President-elect names, considers figures committed to spurring American energy growth
President-Elect Donald Trump’s selection of Exxon Mobil CEO Rex Tillerson to be secretary of state indicates the next administration will be more focused on energy than perhaps any other in recent U.S. history.
The choice, despite hand-wringing from Democratic critics such as former New Mexico Gov. Bill Richardson, sends a clear signal to Congress, policymakers, and the world: Energy will be key to America’s economic growth and revival.
The statement is further backed up by Trump’s choice to head the Environmental Protection Agency: Oklahoma Attorney General Scott Pruitt. And by the fact Trump is considering former Texas Gov. Rick Perry for secretary of energy. Few governors have to know energy policy more than a Texas governor.
It’s all a bold statement because under President Obama and other world leaders, it became trendy to diss energy producers and play up “green energy,” despite the fact solar and wind power may not be able to provide the numbers that consumers need.

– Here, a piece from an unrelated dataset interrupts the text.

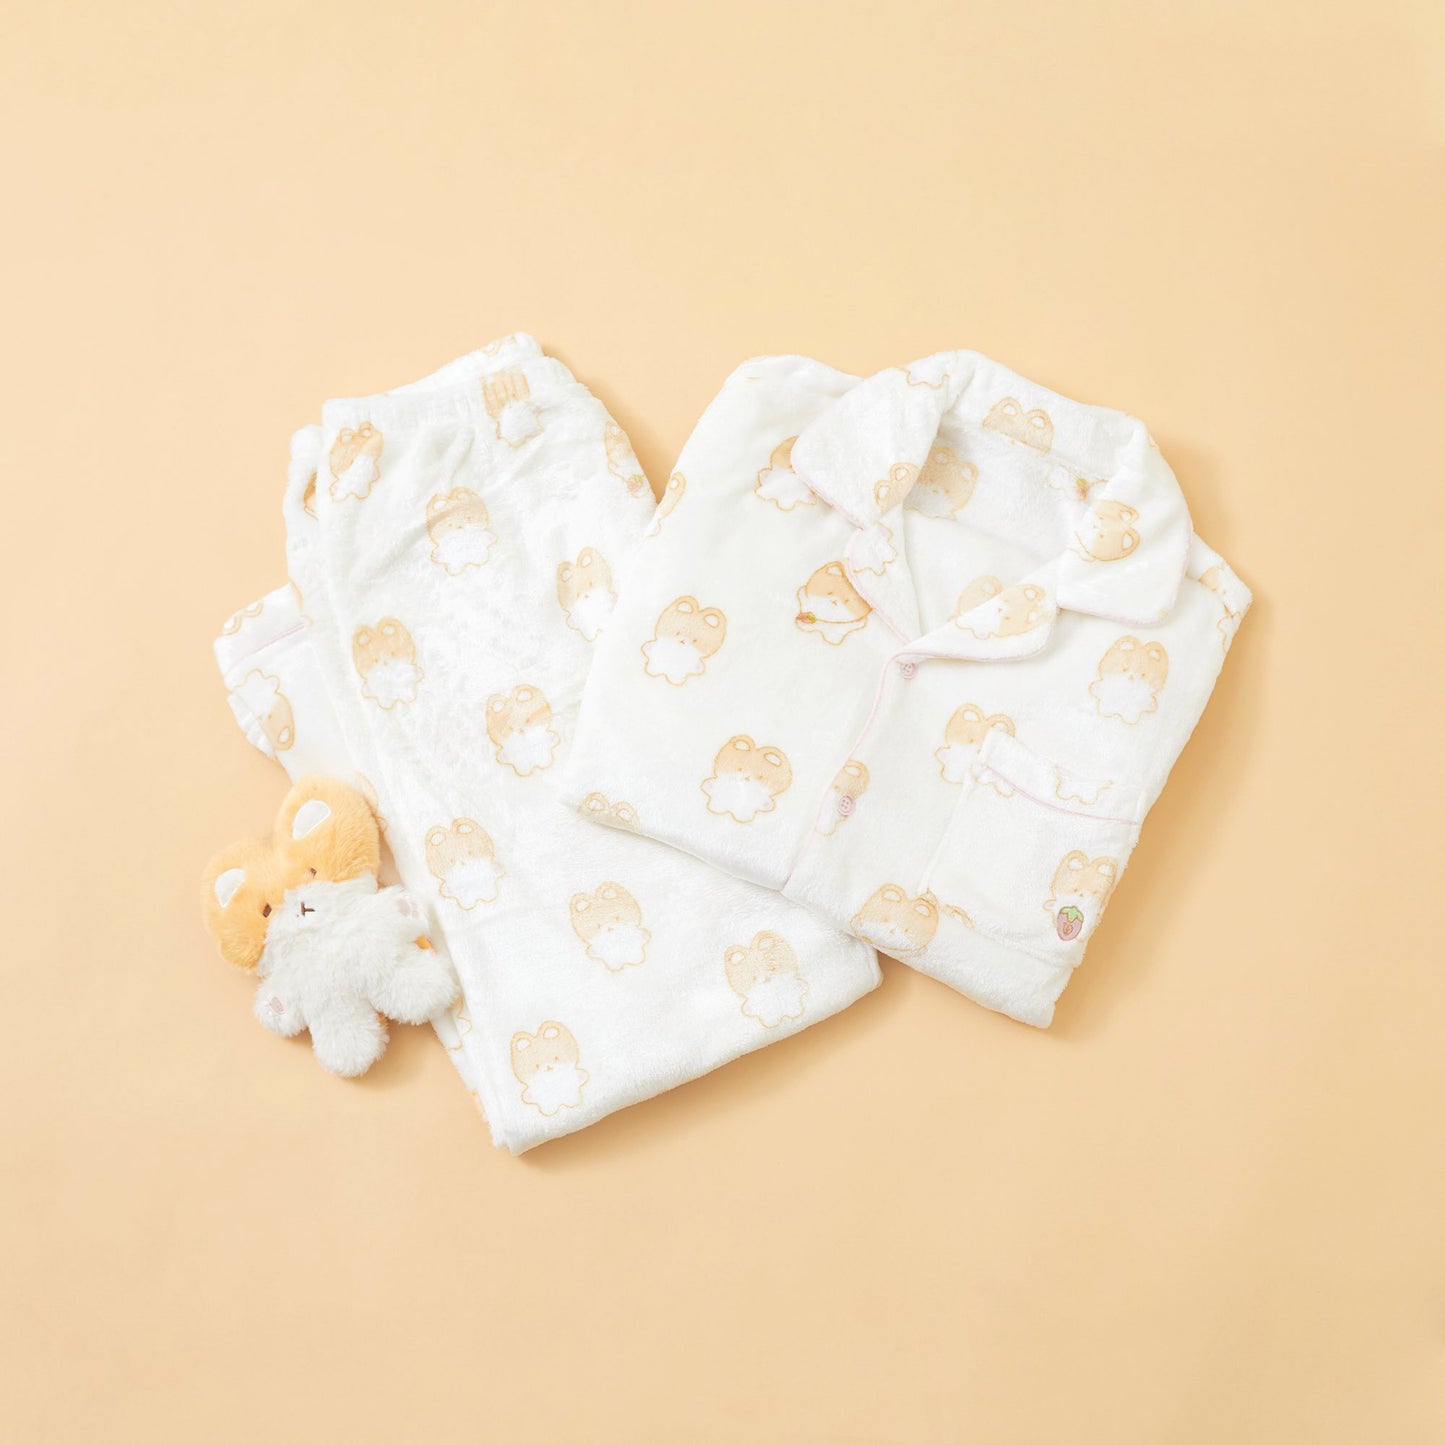 TEO-LAE-GI X SPAO Pajama Set (Fluffy Long Sleeves)

Trump is signaling a commitment to an economy powered well and cheaply by abundant supplies of oil, gasoline and electricity. The second priority, and still a top one, will be climate.

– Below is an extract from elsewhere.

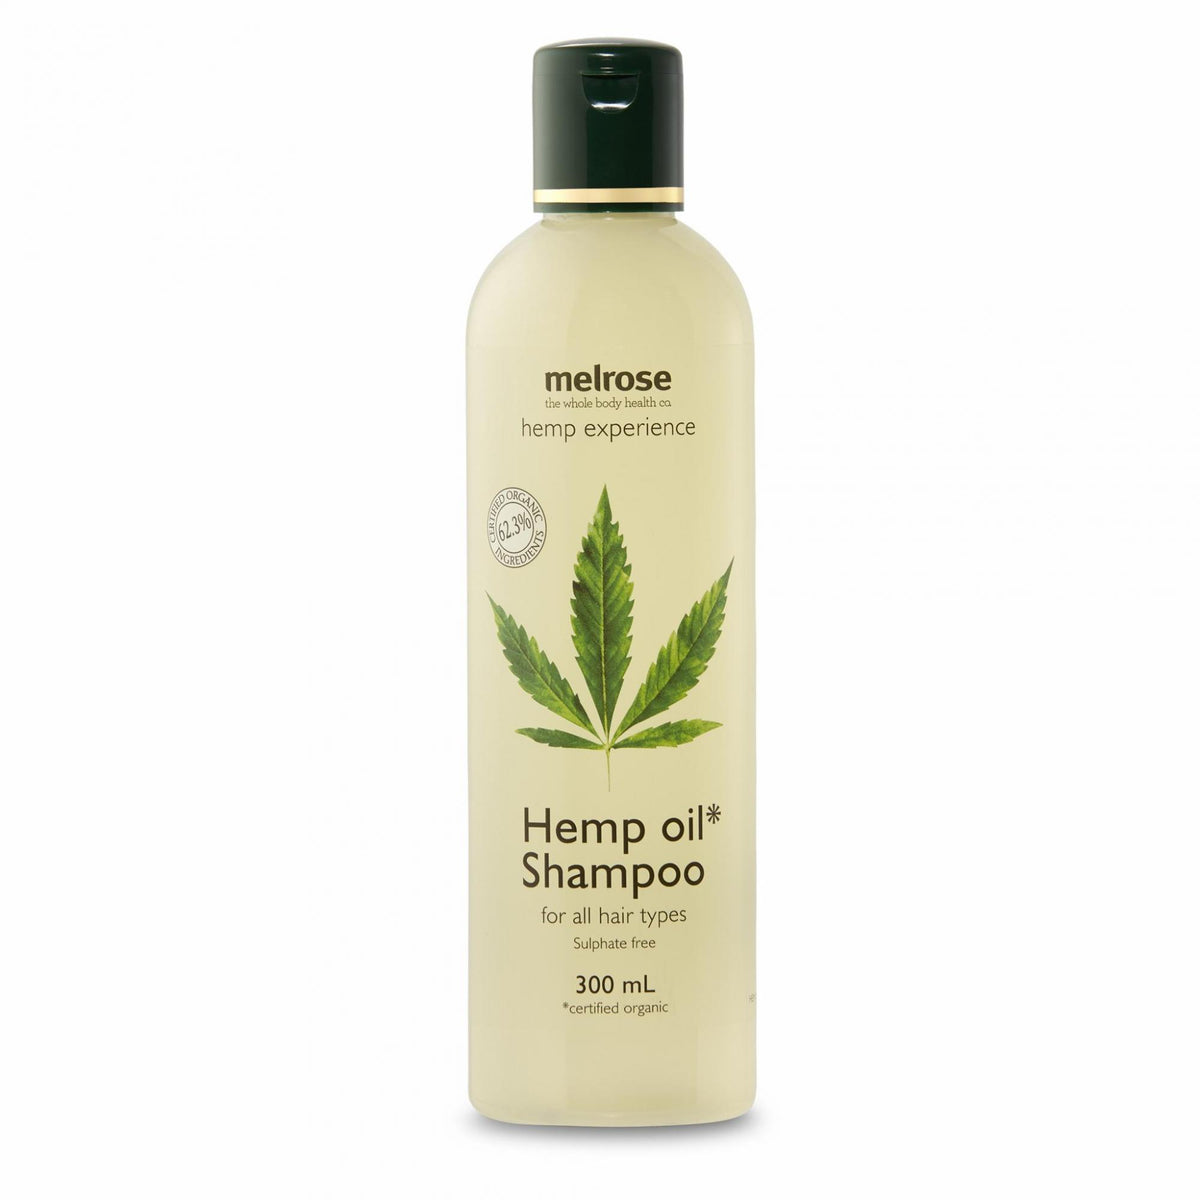 Melrose Hemp Experience Organic Hemp Shampoo

Also trendy under Obama was to endorse climate treaties, such as the Paris Agreement. The agreement, which President Obama signed onto a year ago, has no real teeth.
But its goal, if implemented, would seem to require limits on the use of coal, oil, and natural gas. The agreement calls for “a long-term goal of keeping the increase in global average temperature to well below 2 degrees Celsius above pre-industrial levels,” according to the European Commission’s website.
And while there is no enforcement mechanism for the goals within the Paris Agreement, the United States is obligated to report its data to other nations, at meetings and in the public record.
The Paris Agreement requires nations to “come together every five years to set more ambitious targets as required by science,” and to “report to each other and the public on how well they are doing to implement their targets.”